At hospitalization, breathing misery and wheezing had been documented, with chest radiography findings related to sarcoidosis with none acute cardiopulmonary illness. IV remdesivir (200.zero mg daily) and dexamethasone (six mg daily) had been initiated; however, hypoxia worsened, and the subsequent day, he became administered 5.zero L in line with minute oxygen thru face mask. Subsequently, the medical doctors discontinued remdesivir because of the gastrointestinal tract (GIT)-related negative effects. SARS-CoV-2-superb polymerase chain reaction (PCR) report, accelerated leukocyte counts of 10 × 109 leukocytes/L, and C-reactive protein stages of 15 mg in line with dL had been obtained.

Three days later, contrast-improved computed tomography findings of bilateral innovative consolidation, maximum outstanding at the bottom of the lungs, with out floor glass-kind appearance, had been located. Sputum cultures had been obtained, and the affected person became administered IV tazobactam/piperacillin (3.forty grams six hourly). After every week of hospitalization, sputum subculture reviews indicated gram-superb, beaded rod presence, suggestive of Nocardia. The affected person became shifted to imipenem (500.zero mg six hourly) and IV sulfamethoxazole/trimethoprim (SMX/TMP) (5 mg/kg 8 hourly). In spite of twin remedy, hypoxia became persistent, and on day 12.zero of hospitalization, innovative consolidatory nodular opacities had been located withinside the basal area of the left lobe of the lungs. On no reaction to remedy, the medical doctors integrated orally administered linezolid (six hundred.zero mg 12 hourly) into the antibiotic area, following which hypoxia resolved.

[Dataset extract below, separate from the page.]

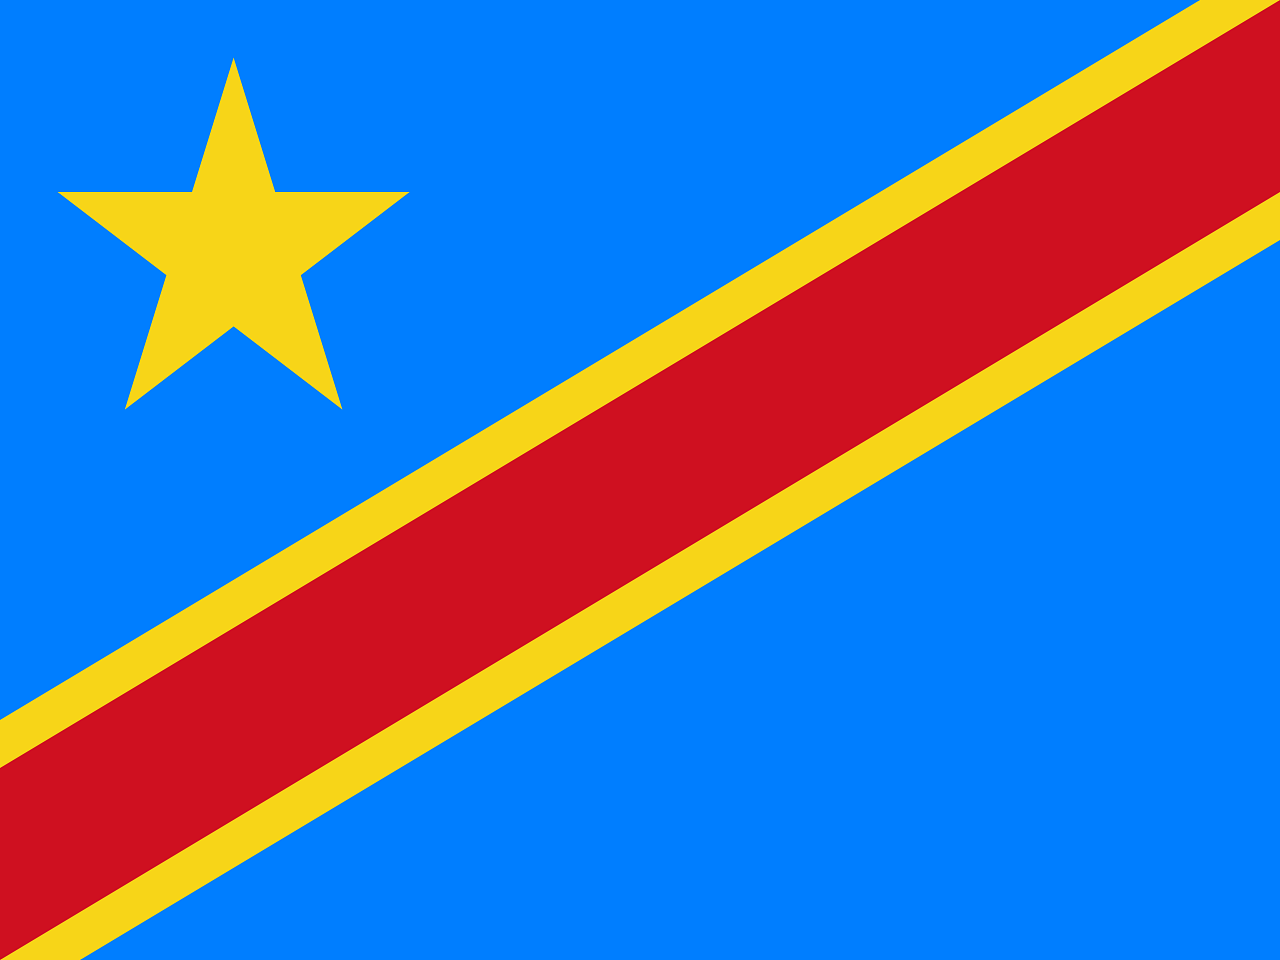 Democratic Republic of the Congo's flag (Wikipedia Photo)

Four days later, matrix-assisted laser desorption/ionization time-of-flight (MALDI-TOF) mass spectrometry findings showed Nocardia pseudobrasiliensis contamination, and chalky-white colonies, having an orange-coloured pigmentation, of the microbe had been located. Susceptibility checking out indicated imipenem resistance. The affected person acquired health center discharge following 20 days of hospitalization, with a prescription of ciprofloxacin (500.zero mg two times daily) and linezolid (six hundred mg two times daily), for >6.zero weeks. Pre-discharge mind magnetic resonance imaging (MRI) scans confirmed no ring enhancement or imperative anxious system (CNS) involvement.

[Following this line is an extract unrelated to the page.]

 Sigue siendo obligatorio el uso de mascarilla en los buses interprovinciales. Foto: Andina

Two weeks put up-discharge, diminished breathing pain became located, with most effective intermittent oxygen supplementation required, following exertion, and 4 weeks put up-discharge, imaging confirmed pulmonary nodular development. Symptomatic development persisted as much as a month put up-discharge. The affected person briefly discontinued remedy because of financial constraints and became transitioned to SMX/TMP ( capsules of SMX 800.zero mg and TMP 160.zero mg 8 hourly) with orally administered ciprofloxacin (500.zero mg two times daily). Dual antibiotic remedy became persisted for the reason that affected person became below glucocorticoid remedy for sarcoidosis. Four months-put up discharge from the health center, the male skilled dyspnea most effective after widespread exertion. He became to be shifted to SMX or TMP monotherapy following considerable development withinside the lung nodules.

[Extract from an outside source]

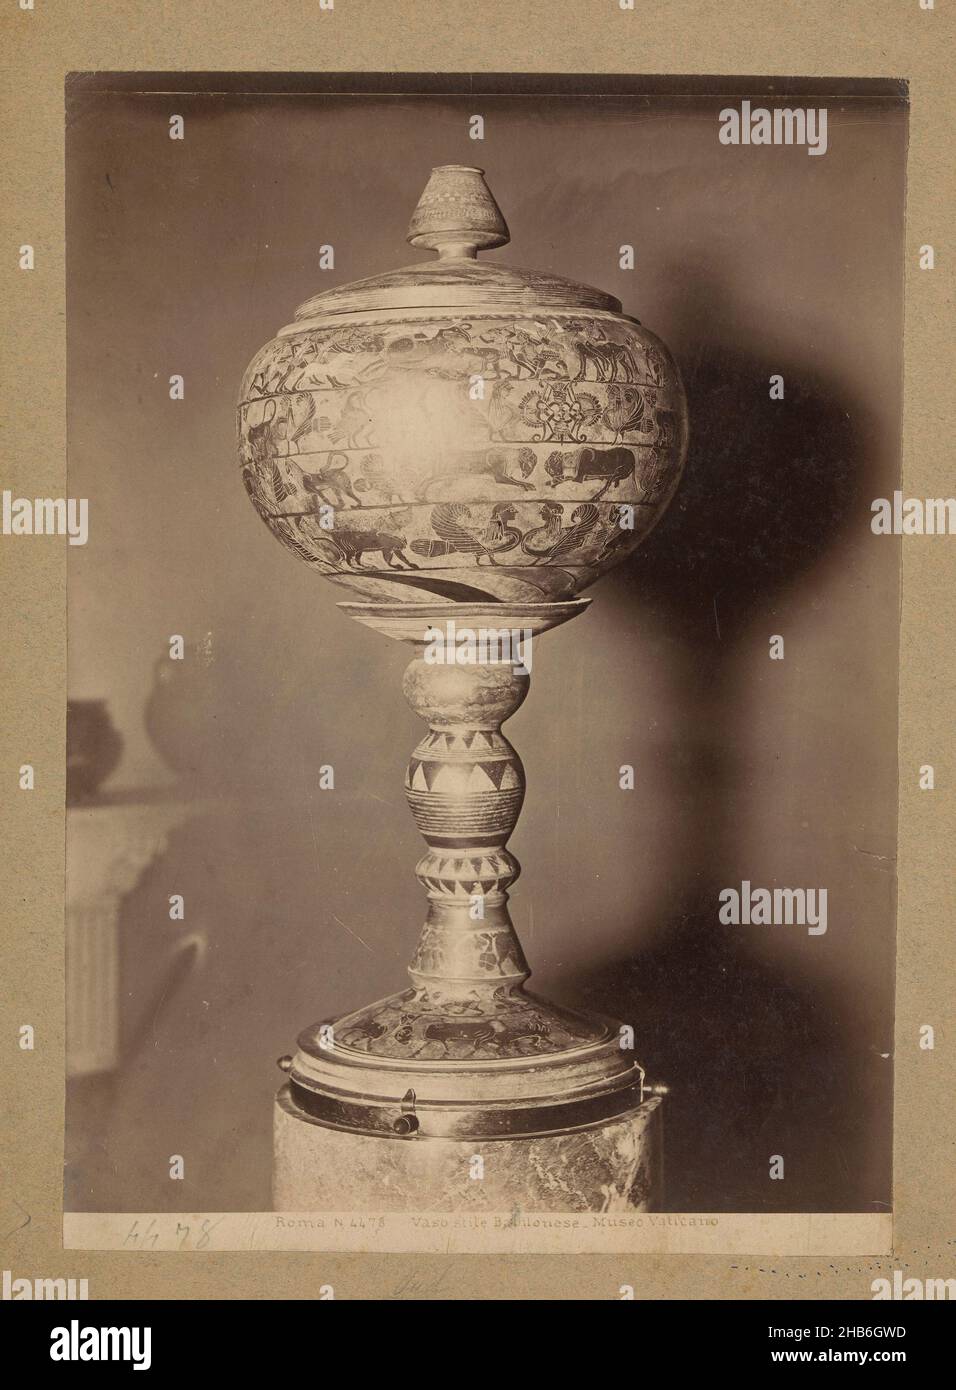 Kugelförmige Vase auf einem Sockel mit sagenhaften Tieren verziert, Roma Vaso stile Babilonese-Museo Vaticano, anonym, Rom, c. 1875 - c. 1900, Karton, Albumin-Print, Höhe 270 mm × Breite 190 mm Stockfoto

At present, 10 Nocardia infections were said all through or after SARS-CoV-2 contamination. The majority of sufferers evolved nocardiosis 5 to 50.zero days put up-SARS-CoV-2 diagnosis, and the suggest time to identity of co-contamination became 17.zero days. Pulmonary-kind nocardiosis became maximum normally located, maximum infections had been due to Nocardia farcinica, and all of the affected people acquired glucocorticoid remedy all through hospitalization. Linezolid, clarithromycin, and ciprofloxacin are typically powerful in coping with Nocardia pseudobrasiliensis infections. Overall, the chance of concomitant infections with SARS-CoV-2 is low; however, regarding SARS-CoV-2-superb sufferers with invasive mechanical air flow requirements, the co-contamination occurrence quotes are greater.  

Based at the case report, Nocardia and SARS-CoV-2 co-infections can also additionally occur, specially amongst immunosuppressed people with comorbidities and glucocorticoid use records. The behind schedule development in medical symptoms and symptoms and signs after linezolid management underscores the significance of activate identity of Nocardia and its antibiotic susceptibilities.